Frequently Asked Questions
How does Anthropic’s Claude Mythos Preview actually find and exploit zero-day vulnerabilities?
Claude Mythos Preview uses a specialized scanning approach to analyze open-source codebases for security weaknesses. It identifies patterns that often lead to exploitable bugs, then generates functional proof-of-concept code to demonstrate the vulnerability. This process helps developers understand the real-world risk before they release patches.
What are the 11 open-source bugs mentioned, and why are only 3 described?
The 11 bugs span different projects and categories of security flaws found across public repositories.

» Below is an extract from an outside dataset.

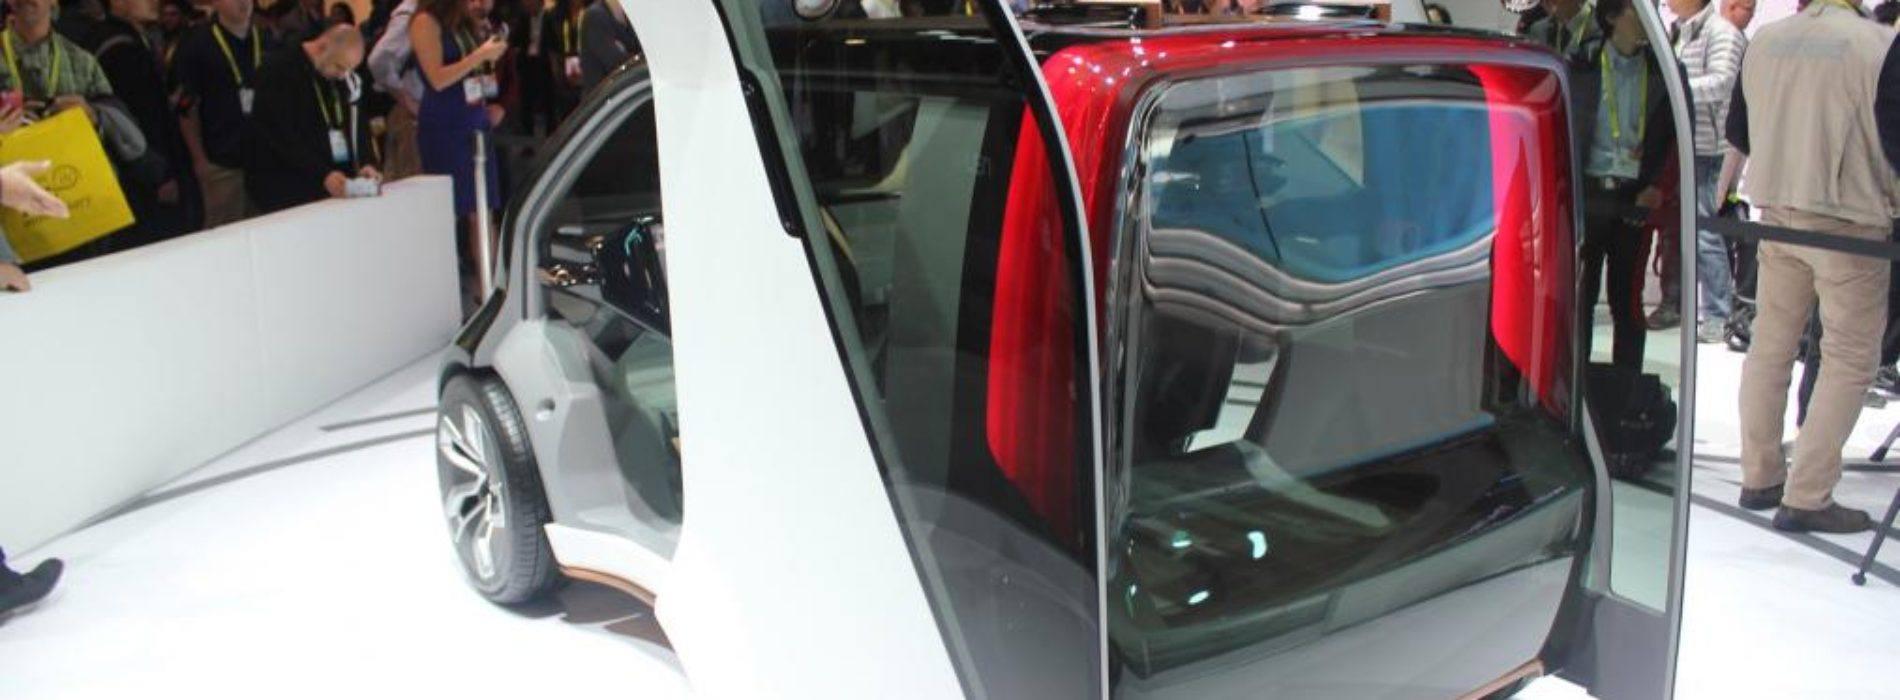 El primer automóvil autónomo y eléctrico de Honda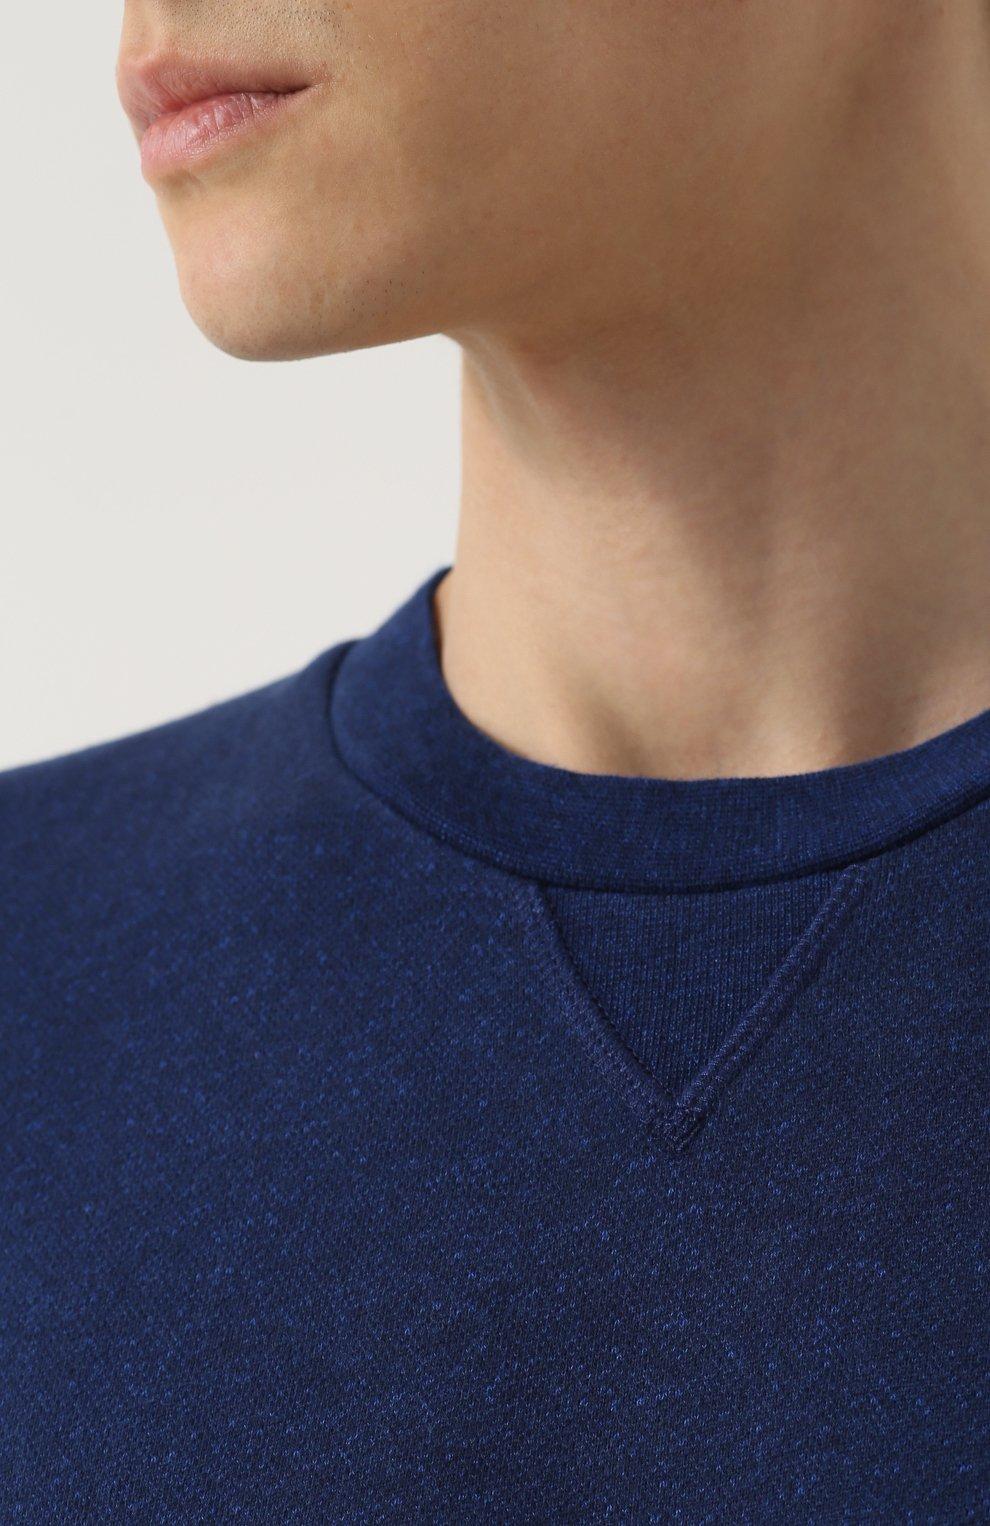 Мужской хлопковый свитшот свободного кроя DEREK ROSE темно-синего цвета, арт. 9000-DEV0001 | Фото 5 (Рукава: Длинные; Принт: Без принта; Длина (для топов): Стандартные; Мужское Кросс-КТ: свитшот-одежда; Материал внешний: Хлопок)

Only 3 are described in detail because they represent distinct vulnerability types that the AI finds open source systems can commonly overlook. The remaining 8 are similar in nature to these examples, making full description redundant for practical understanding.
Is it safe to let an AI create functional exploits—could this be misused?
Creating functional exploits through AI carries risks, but the approach follows responsible disclosure practices. The exploits are shared only with project maintainers for patching, not publicly released. This controlled process helps you understand real threats while giving developers time to fix issues before bad actors can use them.